Gênero musical não é apenas um reflexo da história social do Brasil, mas um construtor dessa história e um dos seus protagonistas, afirma o professor Maurício Barros de Castro, em entrevista à DW.Para o professor do Instituto de Artes da Universidade do Estado do Rio de Janeiro (Uerj), Maurício Barros de Castro, há um discurso recorrente, entre especialistas, de que o samba atingiu maior sofisticação com compositores brancos, letrados e de classe média.

no Terra

“Ou seja, é uma forma de ver o samba como algo primitivo, um ritmo menor, e de tentar afastá-lo das suas referências identitárias: a cultura afro-brasileira, a relação com a afrorreligiosidade”, diz o pesquisador, em entrevista à DW Brasil.

Castro lança neste mês o livro Nos quintais do samba da Grande Madureira: história, memória e imagens de ontem e hoje (Editora Olhares, 2016) e é também autor de Zicartola: política e samba na casa de Cartola e Dona Zica (Azougue Editorial, 2 ed., 2013).

imagem samba
imagem reprodução

DW: O samba surgiu da mistura de ritmos africanos, trazidos pelos escravos da África. No início, por estar ligado à cultura negra, o samba era perseguido e reprimido. Atualmente, cem anos depois do registro do samba Pelo telefone, ainda há resquícios desse preconceito?

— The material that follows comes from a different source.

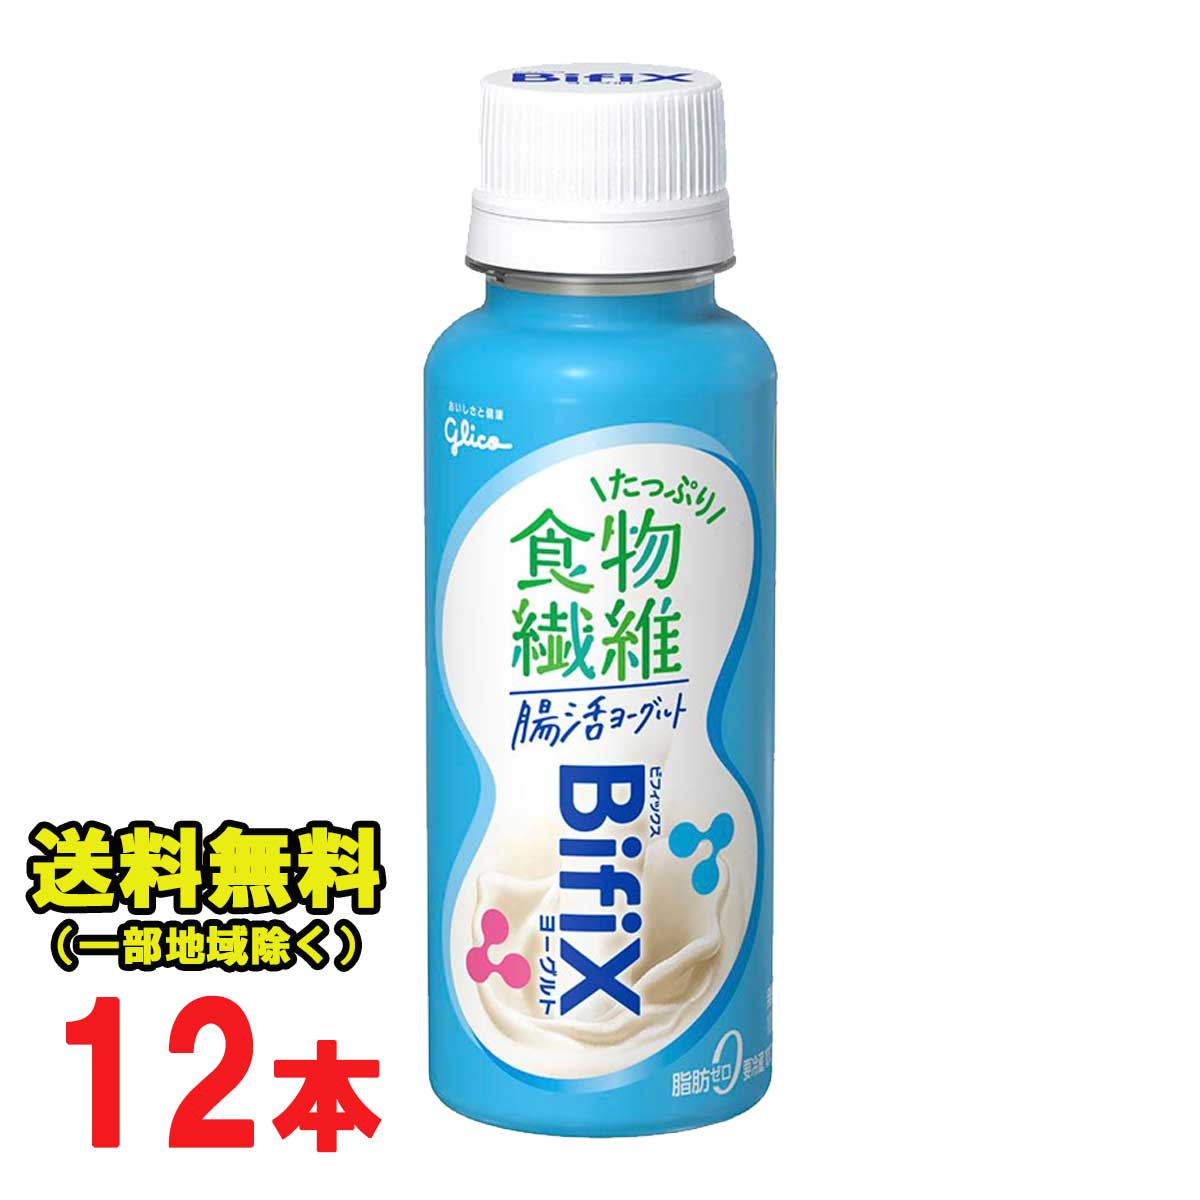 グリコ『BifiX腸活ヨーグルト-食物繊維たっぷり-』
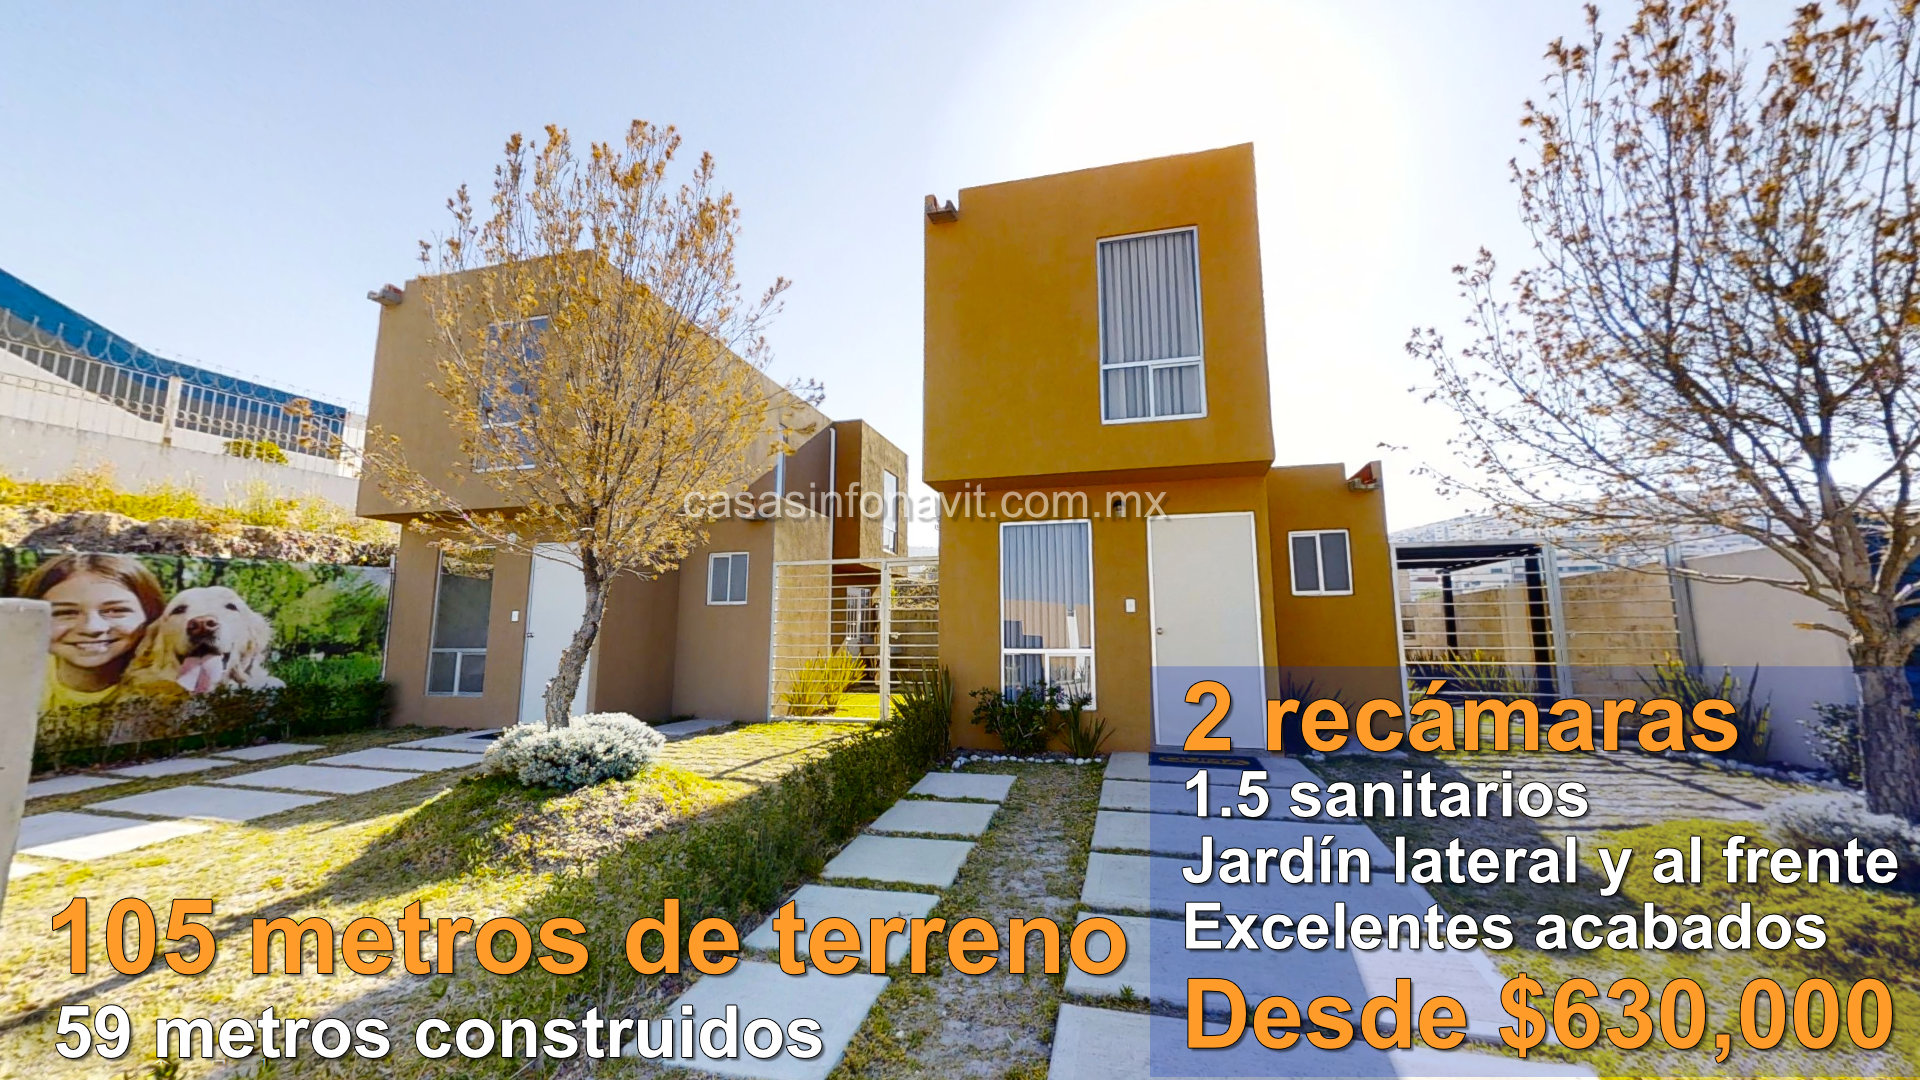 Casas en Puebla Infonavit - Casas en venta con crédito Infonavit

Maurício Barros de Castro: Sim, a discriminação racial permanece na sociedade brasileira, e não há como o samba, referência de uma cultura de matriz africana, escapar desse preconceito. Isso se nota em discursos recorrentes de certos especialistas. É comum dizer, por exemplo, que o samba passou a ser mais aceito após alcançar uma sofisticação, a partir de compositores brancos, letrados e de classe média, como Noel Rosa e Ary Barroso. Outros até falam que a Bossa Nova seria um samba modernizado. Ou seja, é uma forma de ver o samba como algo primitivo, um ritmo menor, e de tentar afastá-lo das suas referências identitárias: a cultura afro-brasileira, a relação com a afrorreligiosidade. Alguns especialistas vão por esse caminho de desqualificar essas matrizes africanas e valorizar a inserção de artistas brancos como uma forma de modernidade. Mas sambistas como Candeia, Martinho da Vila, Nei Lopes, Wilson Moreira e Luiz Carlos da Vila, entre outros, são vozes poderosas que contestam esse tipo de pensamento e afirmam as matrizes africanas do samba, suas influências afrorreligiosas e sua negritude.

DW: E na academia, o samba recebe a atenção merecida?

Tem havido uma abertura cada vez maior para as pesquisas relacionadas ao ritmo, mas sempre há muito o que fazer. A academia ainda precisa se aproximar dos saberes dos sambistas. Seria importante promover esse intercâmbio, com aulas conjuntas entre intelectuais e sambistas.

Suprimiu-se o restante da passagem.